By Mayi Carles
From January 27-31, 2009 a diverse group of 24 entrepreneurial business, government and non-profit leaders between the ages of 30 and 45, self-named CALI-dad (a Spanish play on words meaning both quality and giving), gathered at INCAE, Central America’s leading business school, in Alajuela, Costa Rica, for The Challenge of Leadership seminar, their first in the series of four leadership seminars the comprise the Fellowship.
Guided by Aspen Institute senior moderator – Stace Lindsay along with moderators in training Sylvia Gereda and Margarita Herdocia– Fellows explored the attributes of effective leaders and what effective leaders do and don’t do, examined challenges they are facing as leaders, and identified specific aspects of the their leadership to work on over the coming year.

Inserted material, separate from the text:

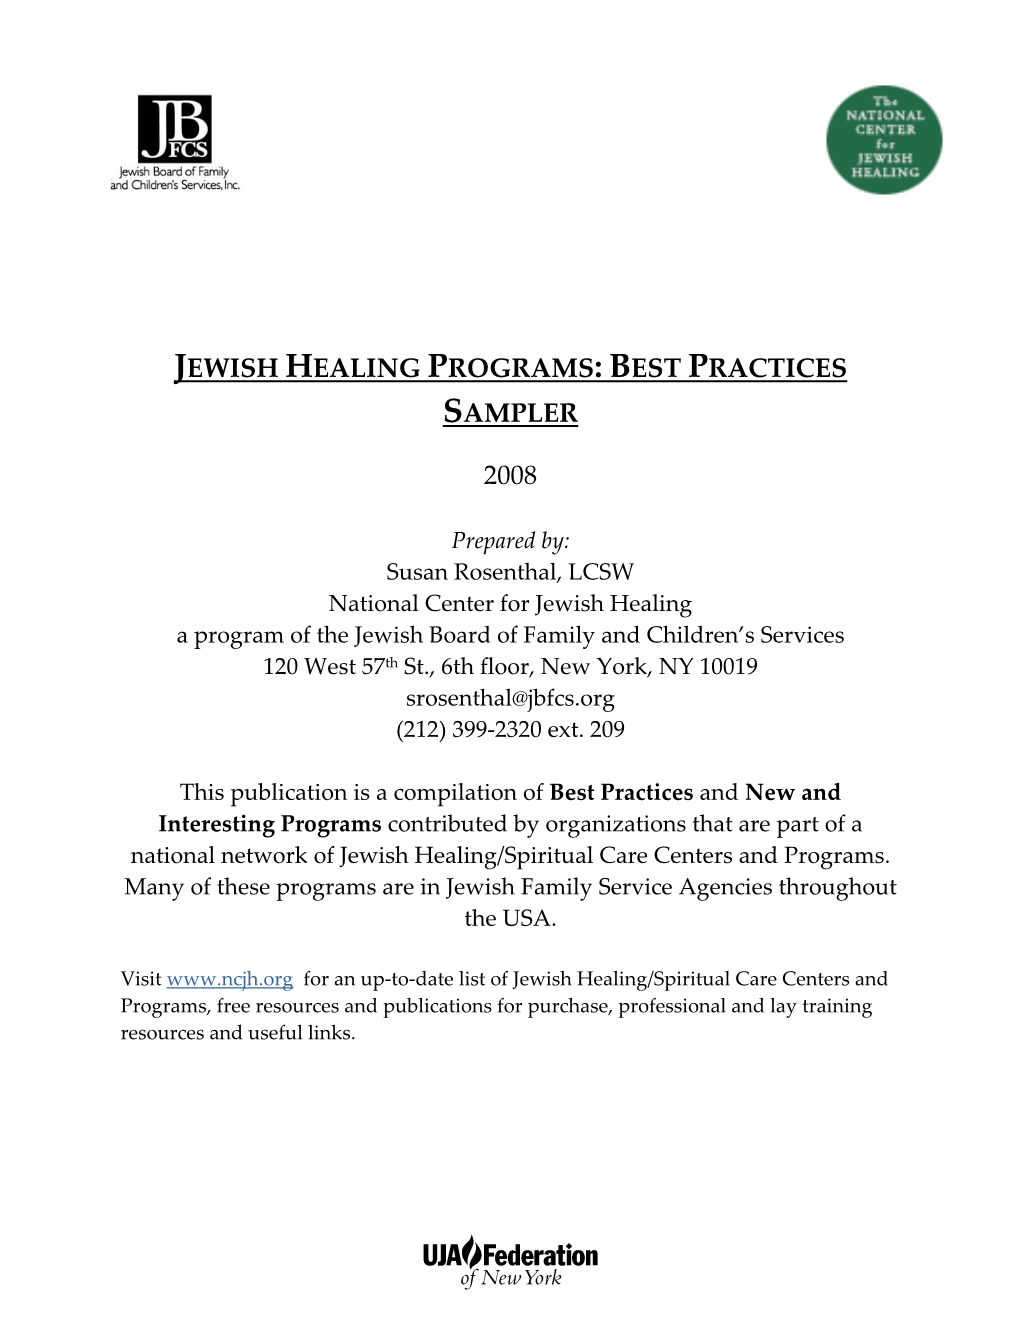 Jewish Healing Program: Best Practices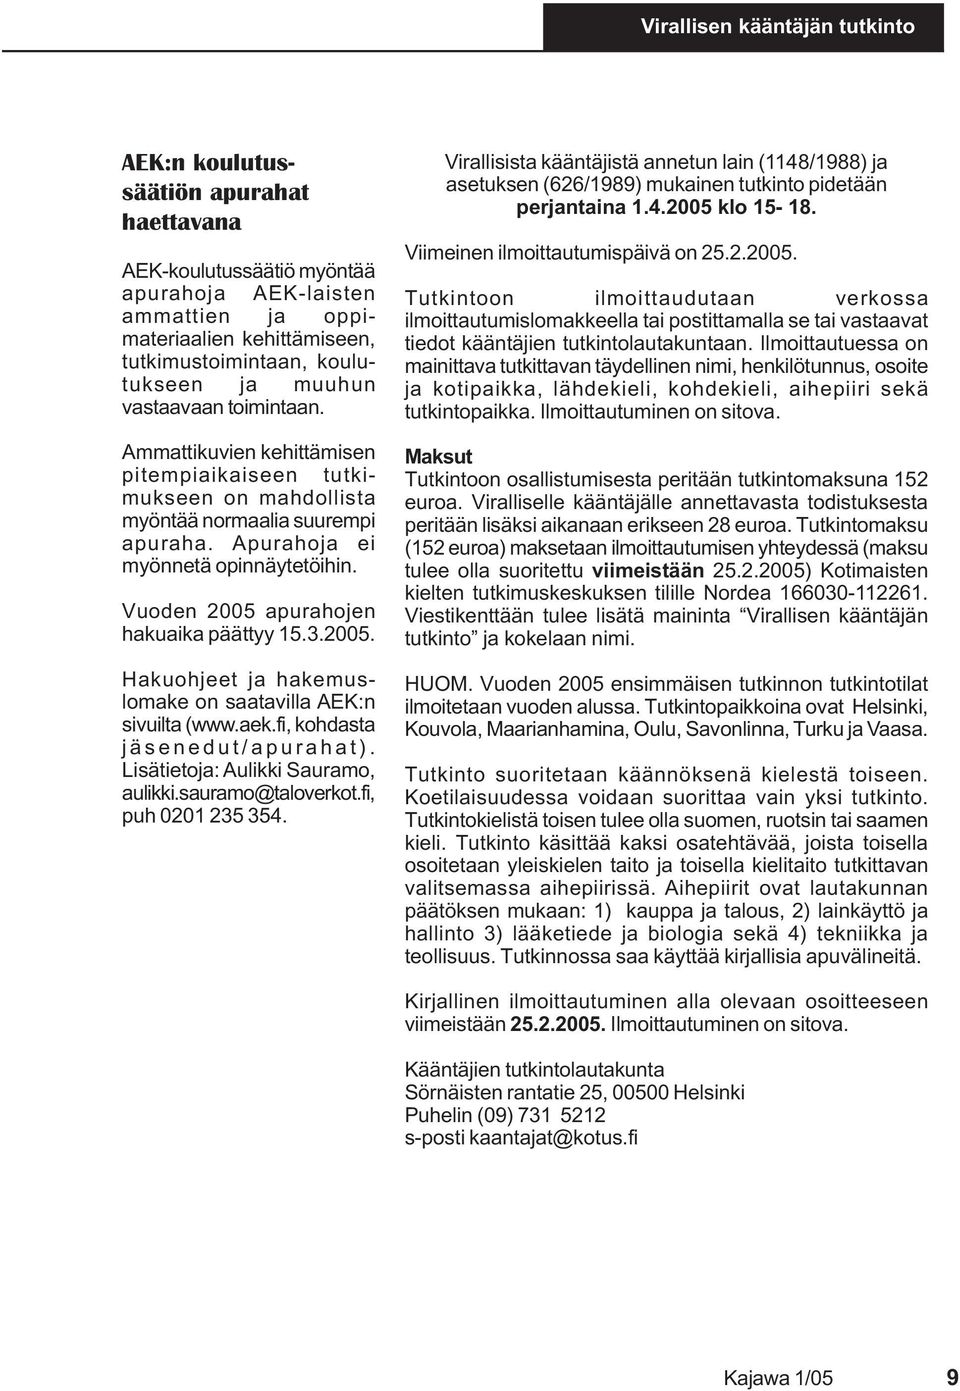 Vuoden 2005 apurahojen hakuaika päättyy 15.3.2005. Hakuohjeet ja hakemuslomake on saatavilla AEK:n sivuilta (www.aek.fi, kohdasta jäsenedut/apurahat). Lisätietoja: Aulikki Sauramo, aulikki.

Fellows engaged in discussions on leadership prompted by the writings of Lee Kwan Yew, Jean Monnet, Margaret Thatcher, Martin Luther King Jr., Niccolo Machiavelli, Jack Stack, Ricardo Semler, and Ursula LuGuin, among others.
A high note of the experience were a series of team building exercises, which helped Fellows break the ice and begin forming the bonds of trust that were crucial for the group’s cohesiveness throughout the week.
Another highlight of the week was an exercise on leadership with the former President of Honduras, Ricardo Maduro (January 2002 – January 2006). The activity was designed to push Fellows to think creatively about complex and ambiguous problems in unfamiliar scenarios, and to motivate them to reach sensible conclusions with the available facts in a short time span. Moderated by Harry Strachan (CALI moderator and former CALI Council Member), Fellows were given a privileged insight into one of Ricardo Maduro’s most critical points in his public service career.
CALI Fellows are also members of the Aspen Global Leadership Network (AGLN), a network of nearly 900 Fellows from 44 countries, all of whom have taken an Aspen Institute inspired leadership initiative modeled after the Henry crown Fellowship Program and commit to a project that gives back to their community.
The CALI-dad class will meet again in July for the Aspen Seminar, which they will take with other Fellows from the Aspen Global Leadership Network.